Give again, exactly as written, the lines of the records below from the line with "Lv clover lock" to the line with "This Free Printable". Both end lines count; pictures do not.

▶ **Data for this task**

[Start of section]

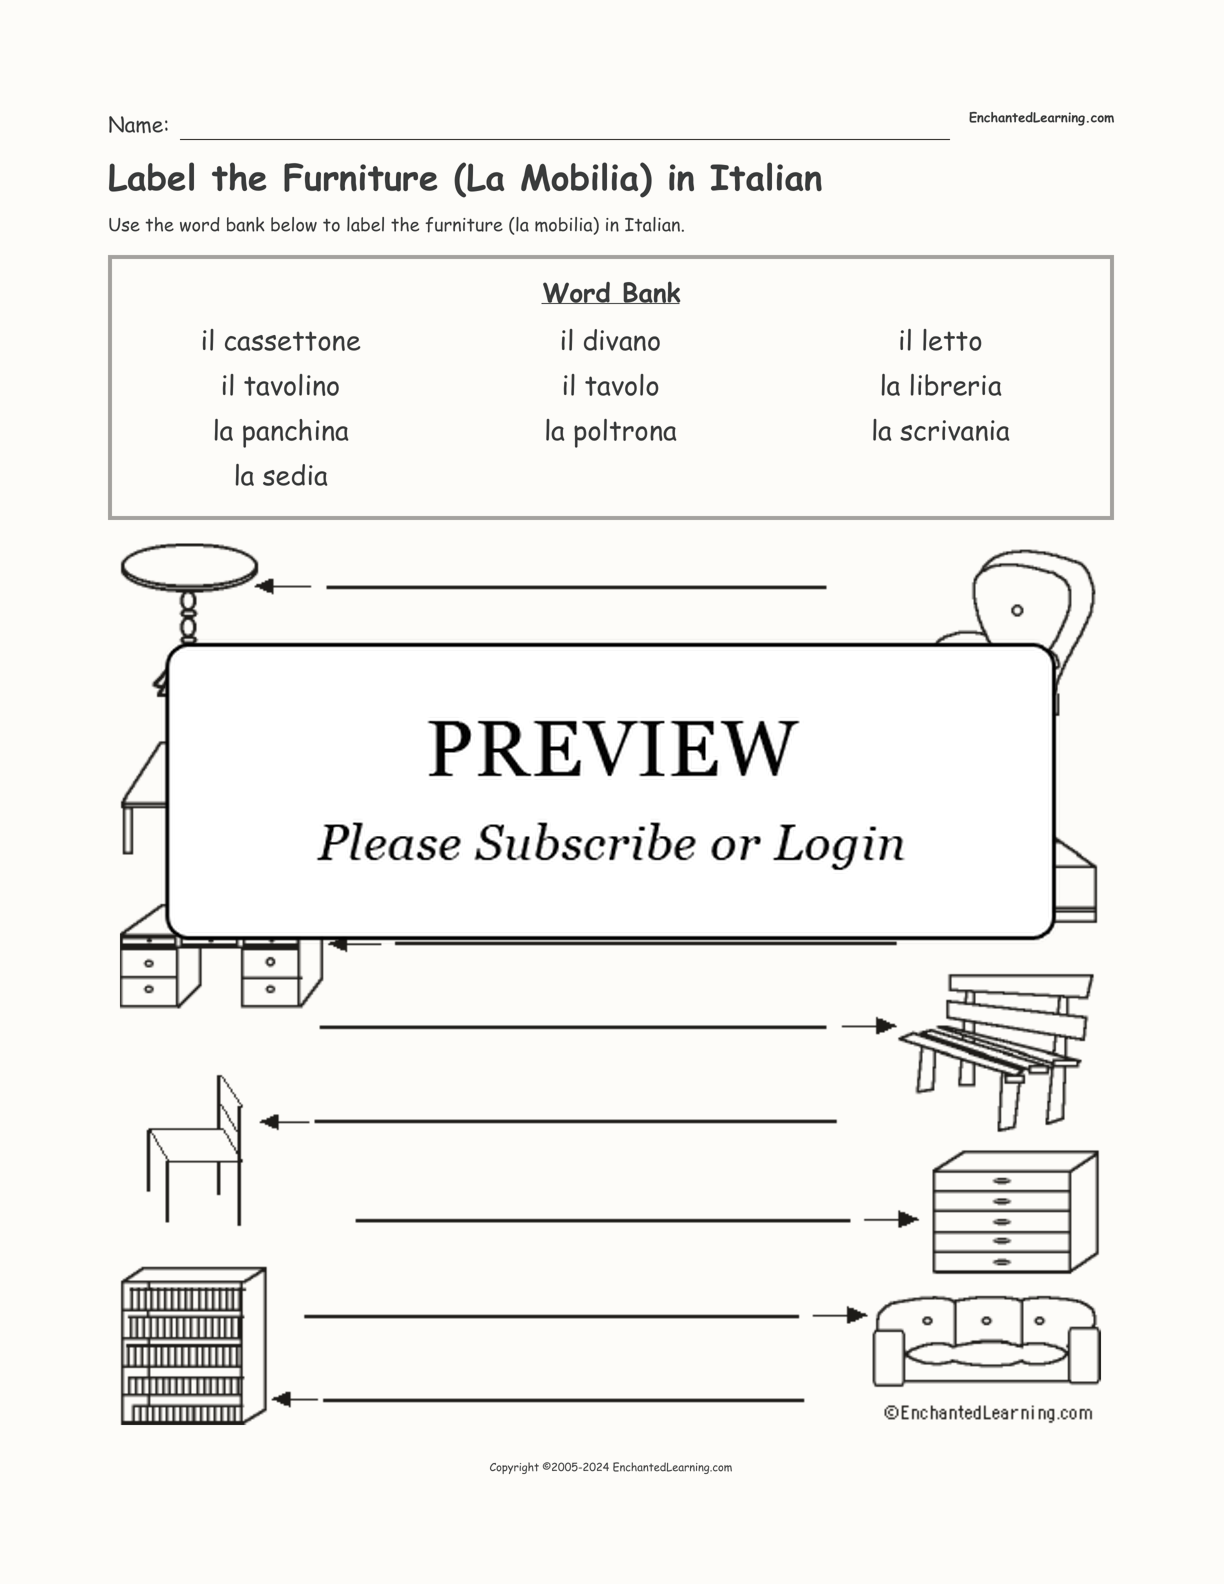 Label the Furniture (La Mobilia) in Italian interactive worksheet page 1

[End of section]
[Start of section]

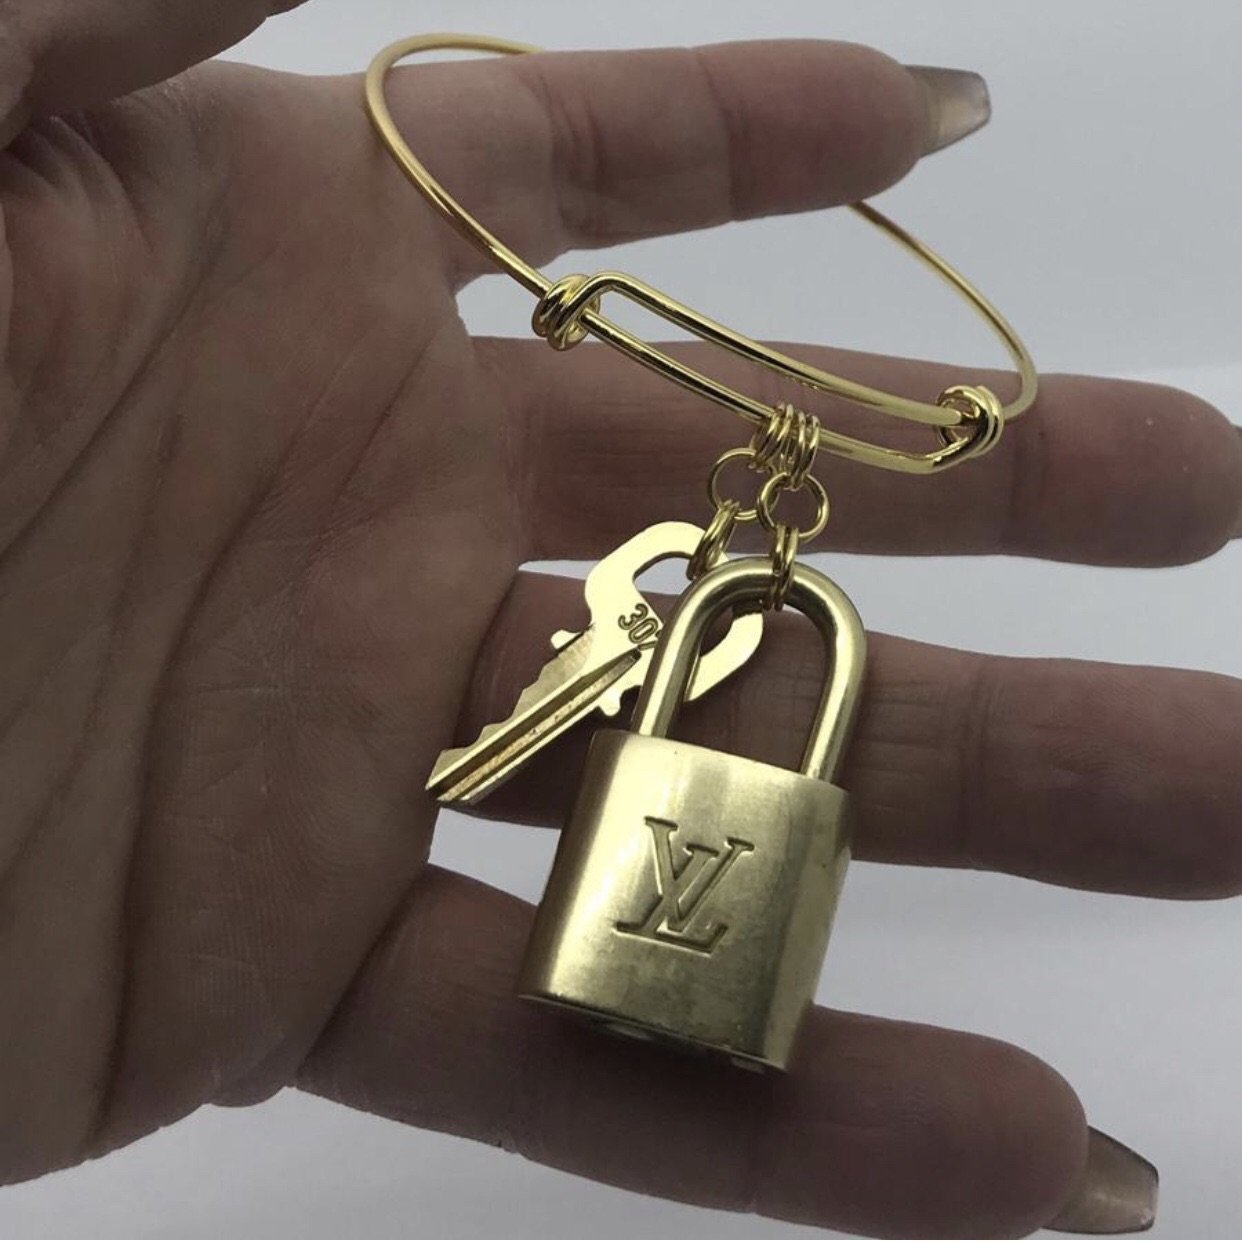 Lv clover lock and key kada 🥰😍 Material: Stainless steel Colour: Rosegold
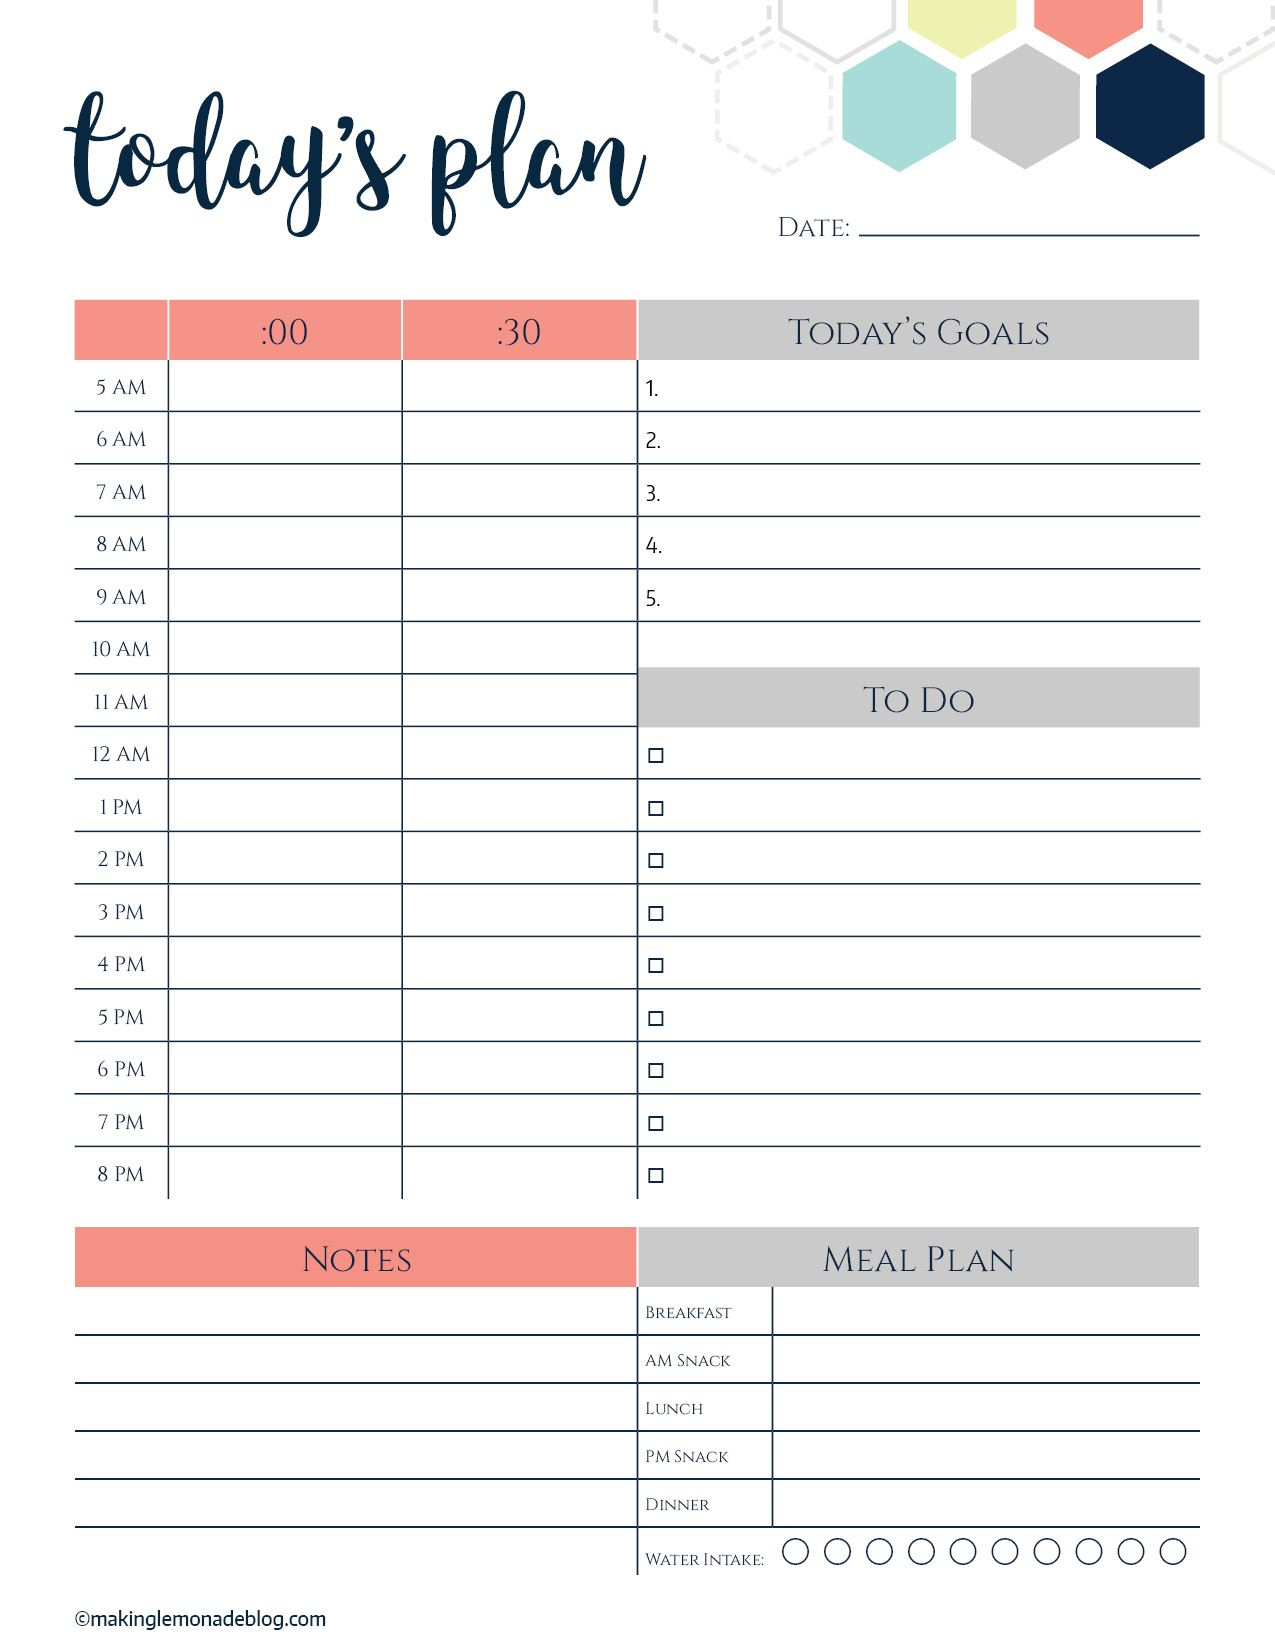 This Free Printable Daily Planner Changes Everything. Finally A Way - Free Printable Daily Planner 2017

[End of section]
[Start of section]

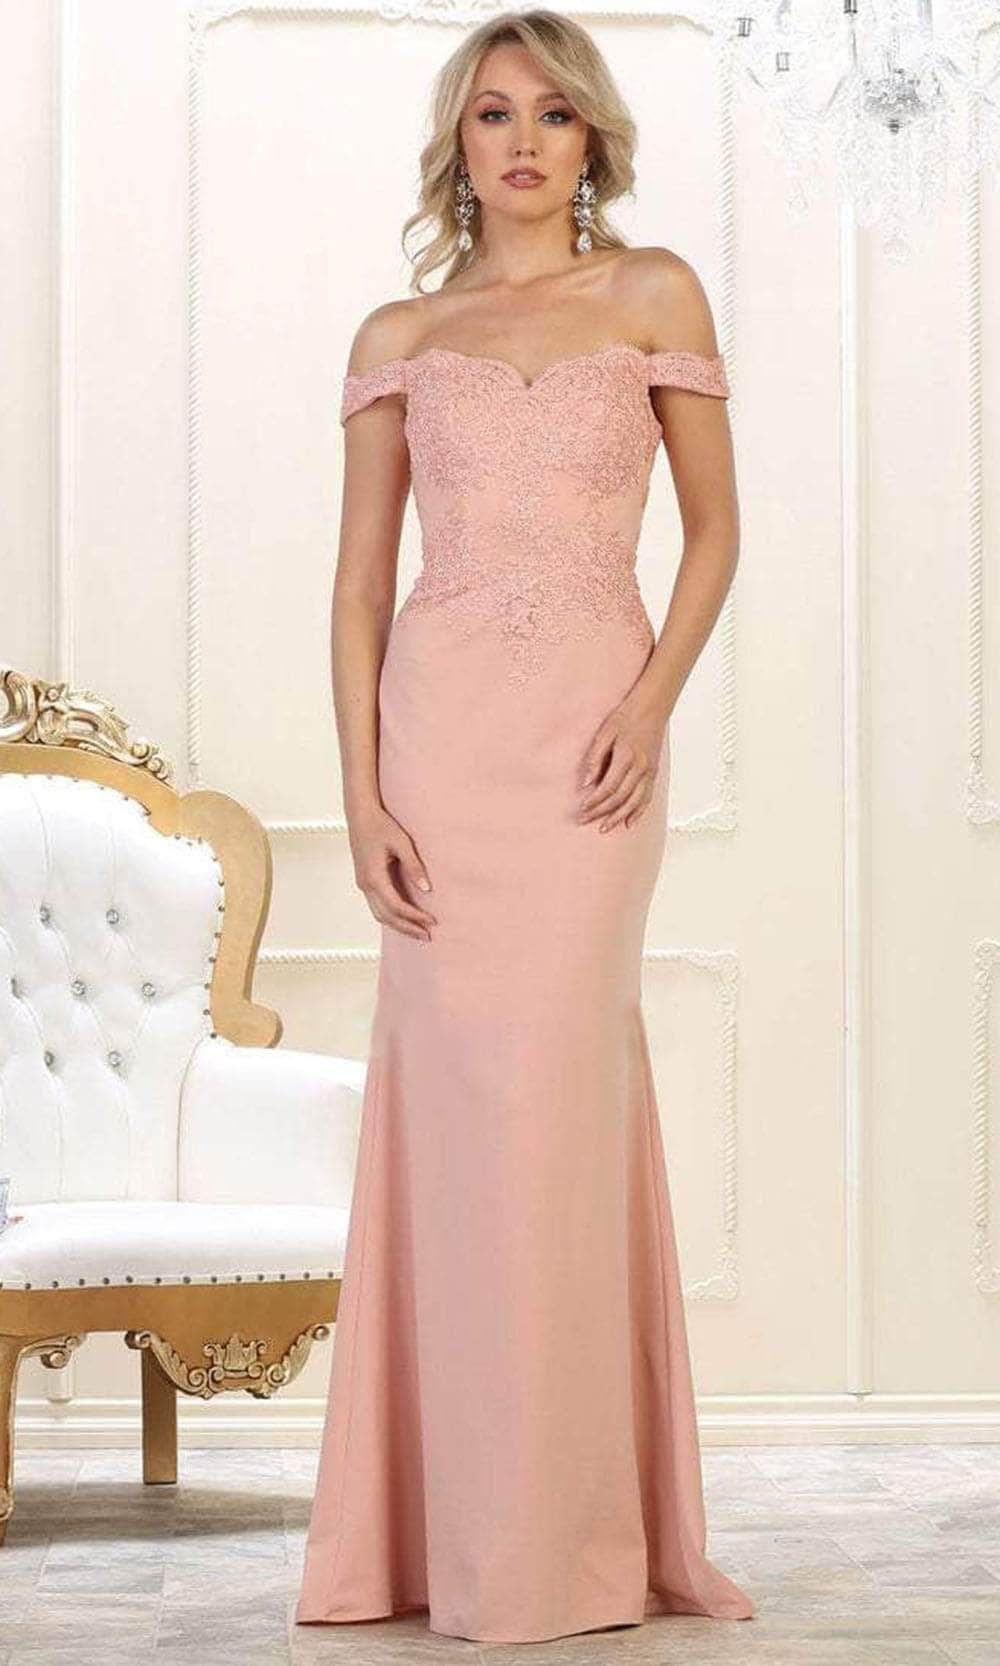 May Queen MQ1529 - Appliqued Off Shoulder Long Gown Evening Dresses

[End of section]

▶ **The completed task**
 Lv clover lock and key kada 🥰😍 Material: Stainless steel Colour: Rosegold
 This Free Printable Daily Planner Changes Everything. Finally A Way - Free Printable Daily Planner 2017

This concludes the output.